Add a basc inlining facility for use in the stdlib (#1271)

The main feature visible to the stdlib here is the `[__unsafeForceInlineEarly]` attribute, which can be attached to a function definition and forces calls to that function to be inlined immediately after initial IR lowering.

The pass is implemented in `slang-ir-inline.{h,cpp}` and currently only handles the completely trivial case of a function with no control flow that ends with a single `return`. The lack of support for any other cases motivates the `__unsafe` prefix on the attribute.

In order to test that the pass works, I modified the "comma operator" in the standard library to be defined directly (rather than relying on special-case handling in IR lowering), and then added a test that uses that operator to make sure it generates code as expected. The compute version of the test confirms that we generate semantically correct code for the operator, while the SPIR-V cross-compilation test confirms that our output matches GLSL where the comma operator has been inlined, rather than turned into a subroutine.

Notes for the future:

* With this change it should be possible (in principle) to redefine all the compound operators in the stdlib to instead be ordinary functions with the new attribute, removing the need for `slang-compound-intrinsics.h`.
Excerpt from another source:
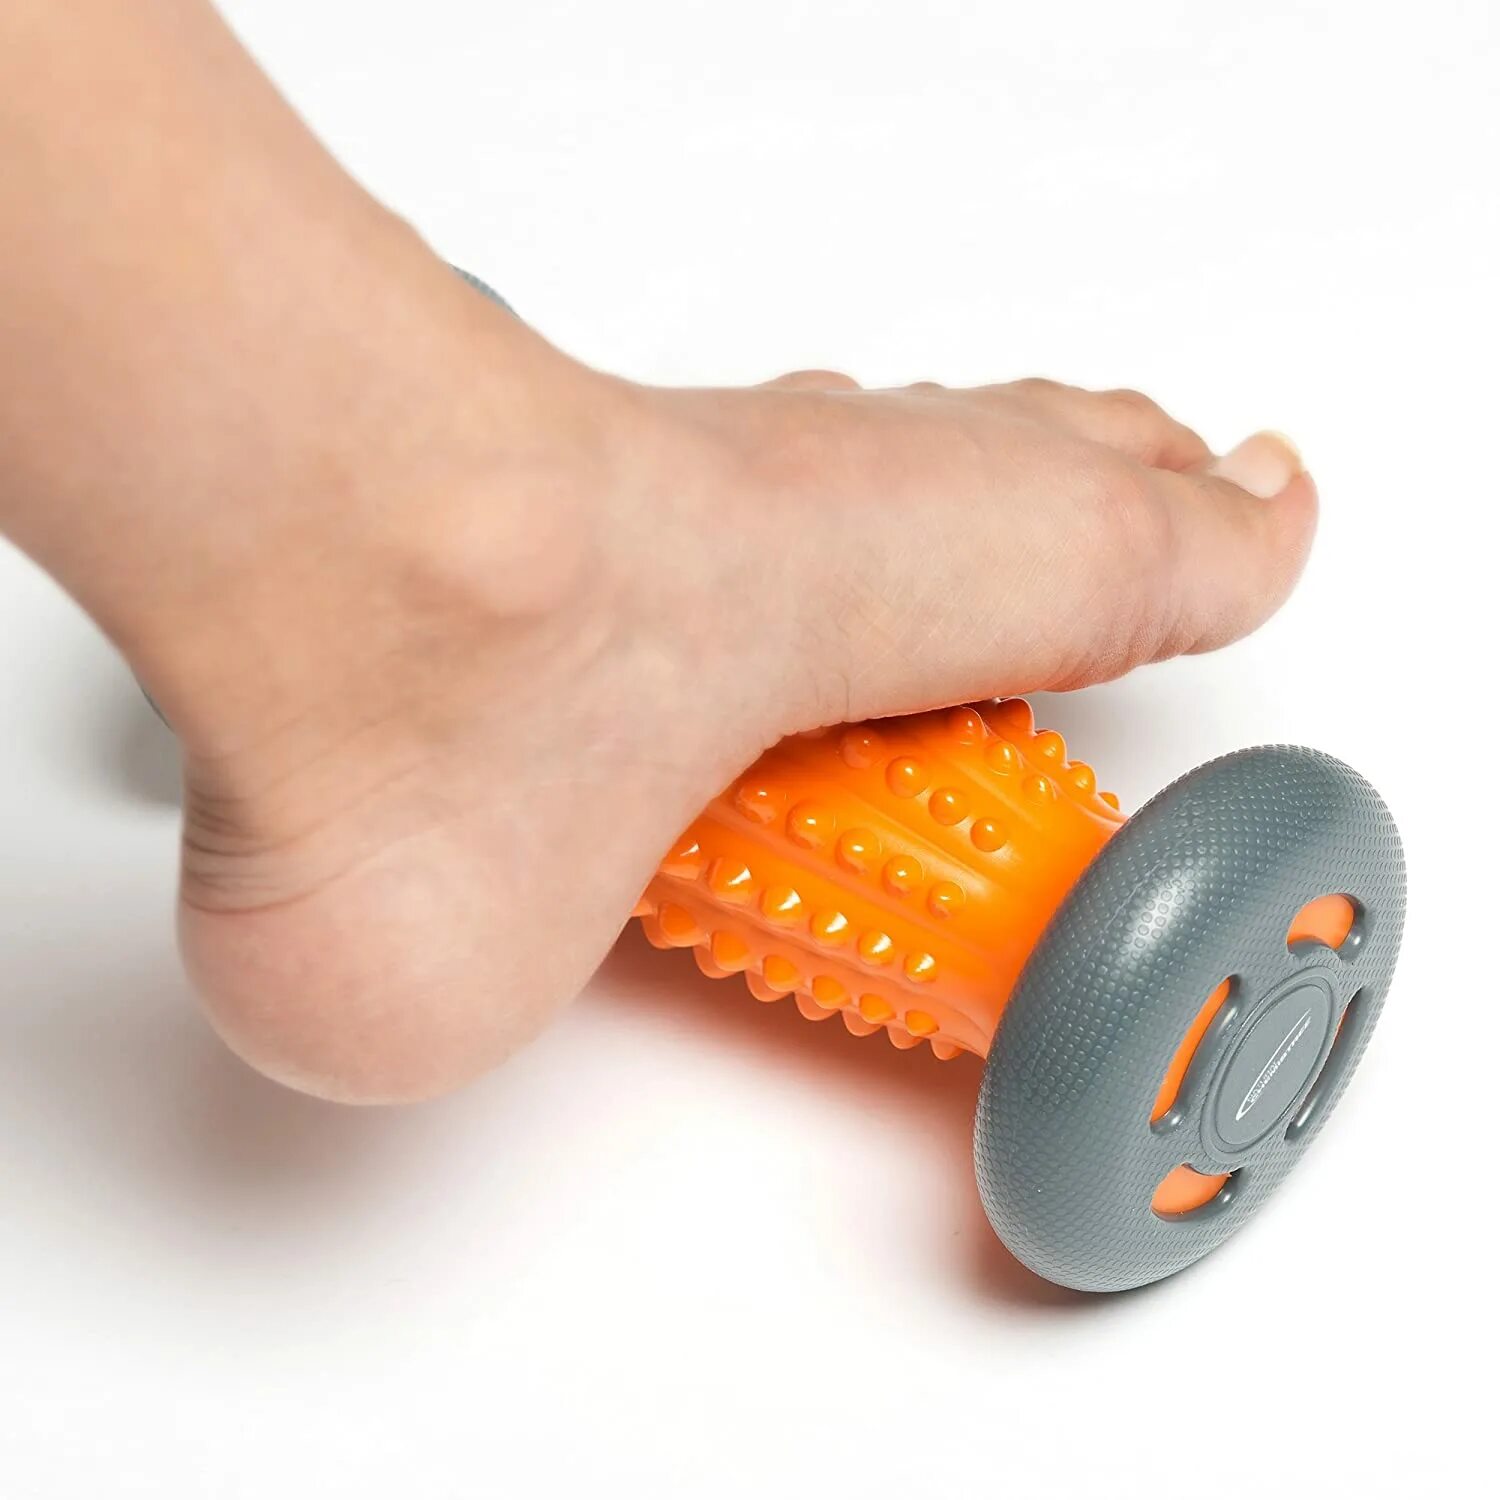 Роликовый массажер. Массажный ролик. Роллер электрический массажный. Массажер для ног (роликовый) pure2improve Crystal footroller.

* Once the compound intrinsics are defined in the stdlib, it should be easier/possible to start making built-in operators like `+` be ordinary functions from the standpoint of the IR

* The attribute and pass here could be extended to include an alternative inlining attribute that happens later in compilation (after linking) but otherwise works the same. This could in theory be used for functions where we don't want to inline the definition into generated IR, but still want to inline things berfore generating final HlSL/GLSL/whatever.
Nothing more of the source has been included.